Why if I increase the budget, the RandomForest classifier is still able to distinguish the private synthetized dataset from the original one? I expect that with epsilon converging to infinity I create in a certain way the “ideal” GAN that can reproduce perfectly the original distribution of the PUMS dataset and so the accuracy of the classifier decreases as the classifier is not able to distinguish the origins of the data. While this does not happen? As you can see in this plot, the accuracy raises up to ~ 95%. Accuracy_DPGAN_PATEGAN_log(epsilon) There is value near to epsilon = 5.0 where PATECGAN does 62%. I’m asking: why then it’s getting worse? So, I decided to write you, in order to shed some lights about this behaviour cause maybe I’m doing something wrong during the training of NN or Random Forest binary classifier.

Environment

Commands

You could find all the scripts for running and compare the models in the attached MATERIAL-SMARTNOISE.zip .

Results

You could synthetic private data in csv format in the attached MATERIAL-SMARTNOISE.zip .

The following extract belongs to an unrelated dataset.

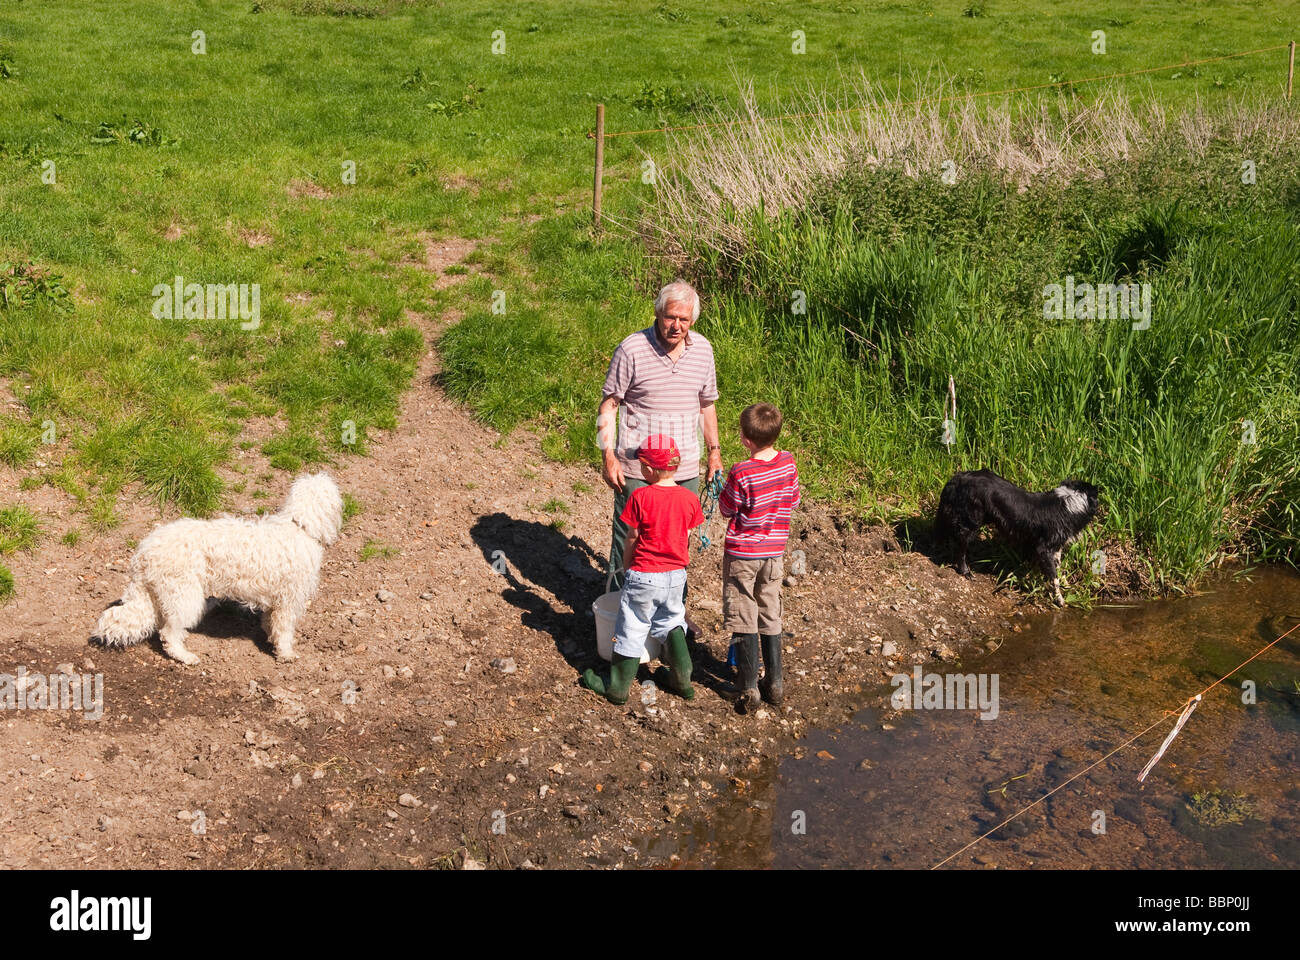 Deux jeunes garçons qui visitent leur grand-oncle's farm dans la campagne au Royaume-Uni dans un cadre rural avec des chiens Banque D'Images
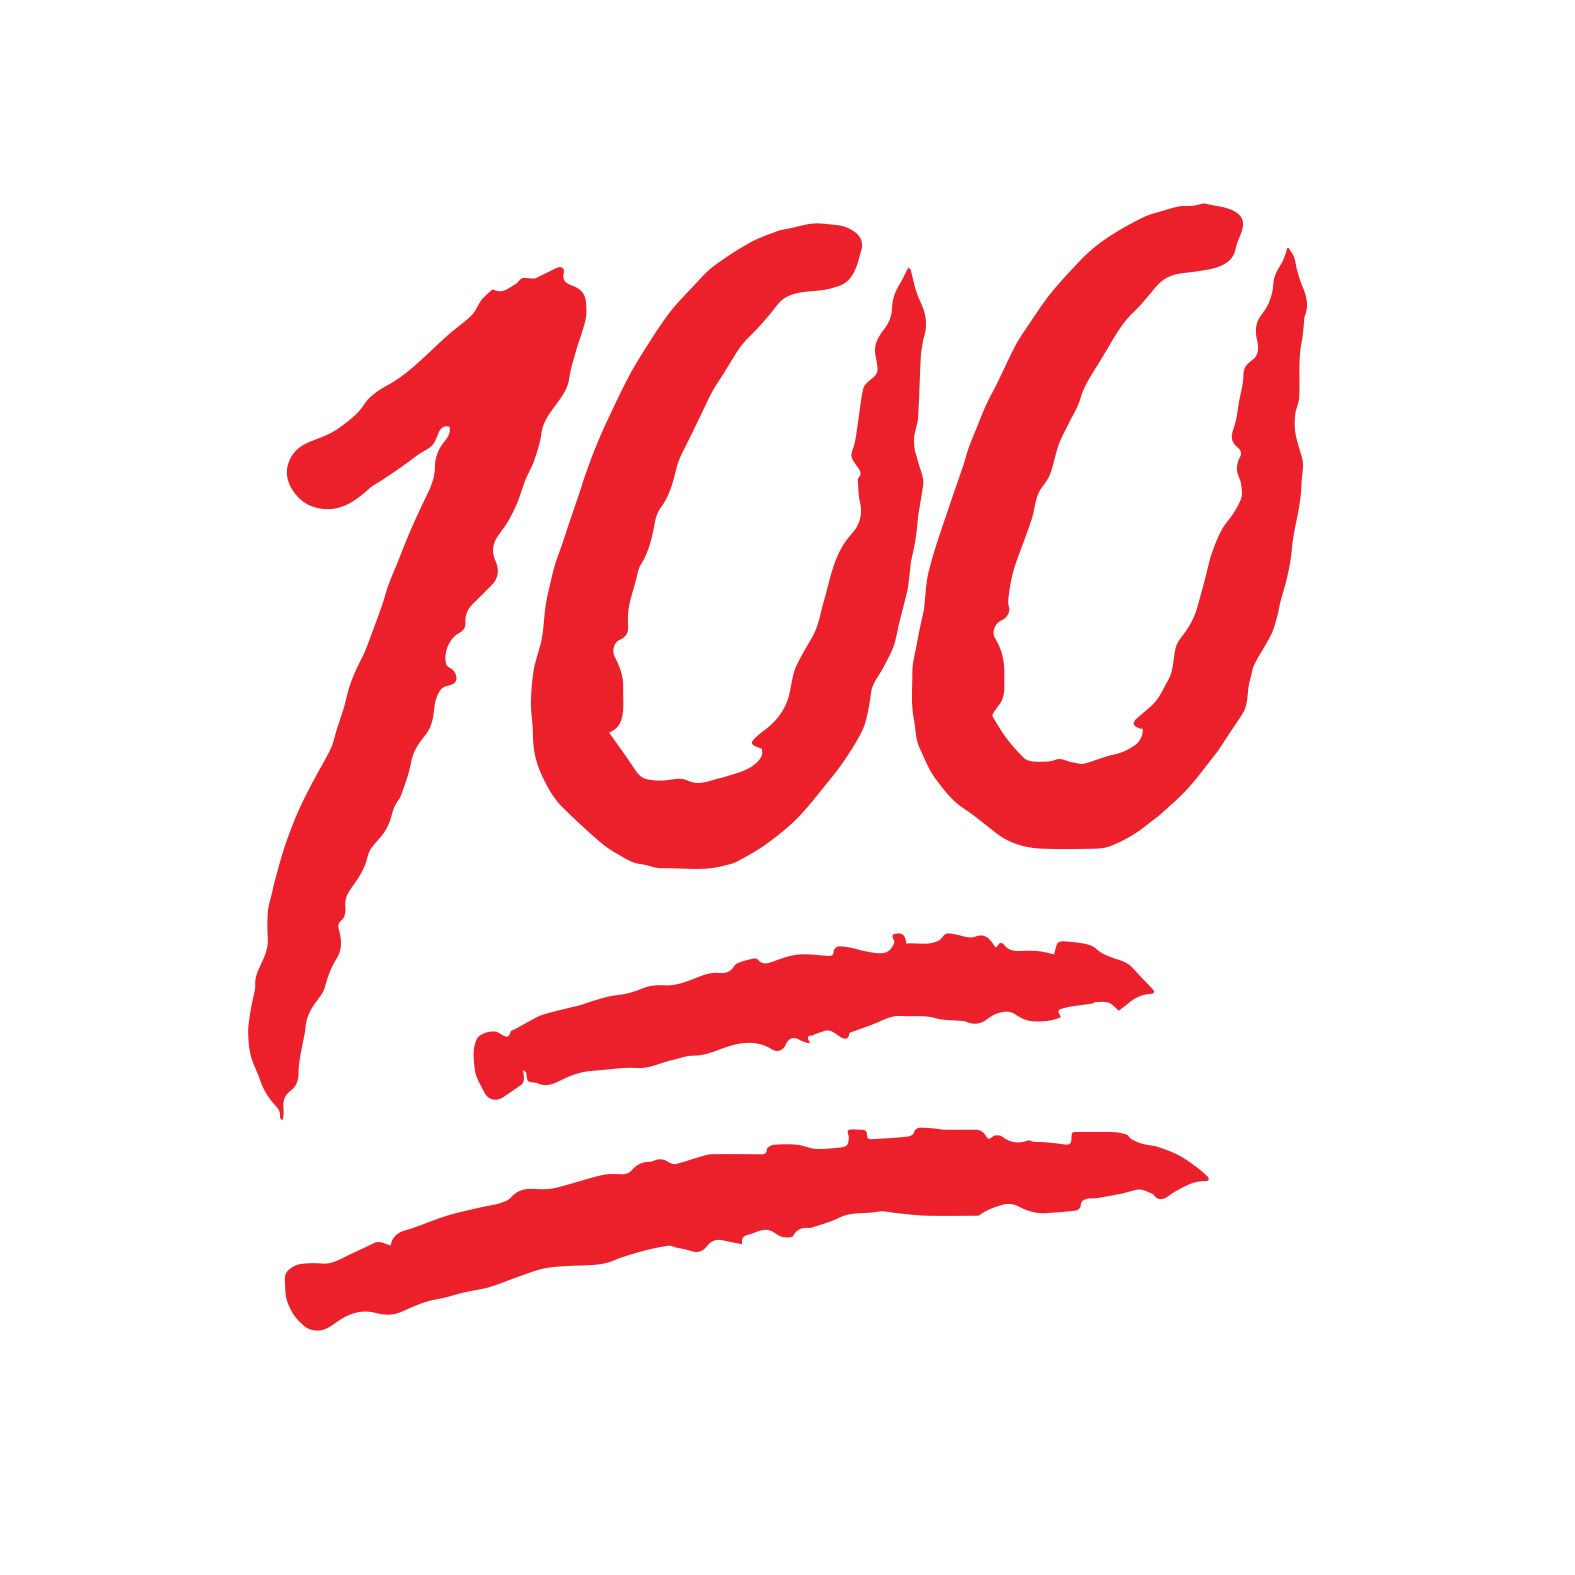 Résultat de recherche d'images pour "100 emoji"

joshua-oss commented 1 month ago

There is a general issue of "mode collapse" with GAN-based synthesizers on tabular data, where infrequent combinations of attributes get suppressed in the output, and the distribution is biased towards the most frequent categories. This is something that happens even without differential privacy. The CT (conditional tabular) family of GANs attempt to fix this issue by oversampling rare categories, but the normal way of doing this unfortunately violates differential privacy. In cases where categories are fairly uniformly distributed, this might not be a major problem, but in general the GAN synthesizers will have a limited ability to model the data, even if no privacy is applied.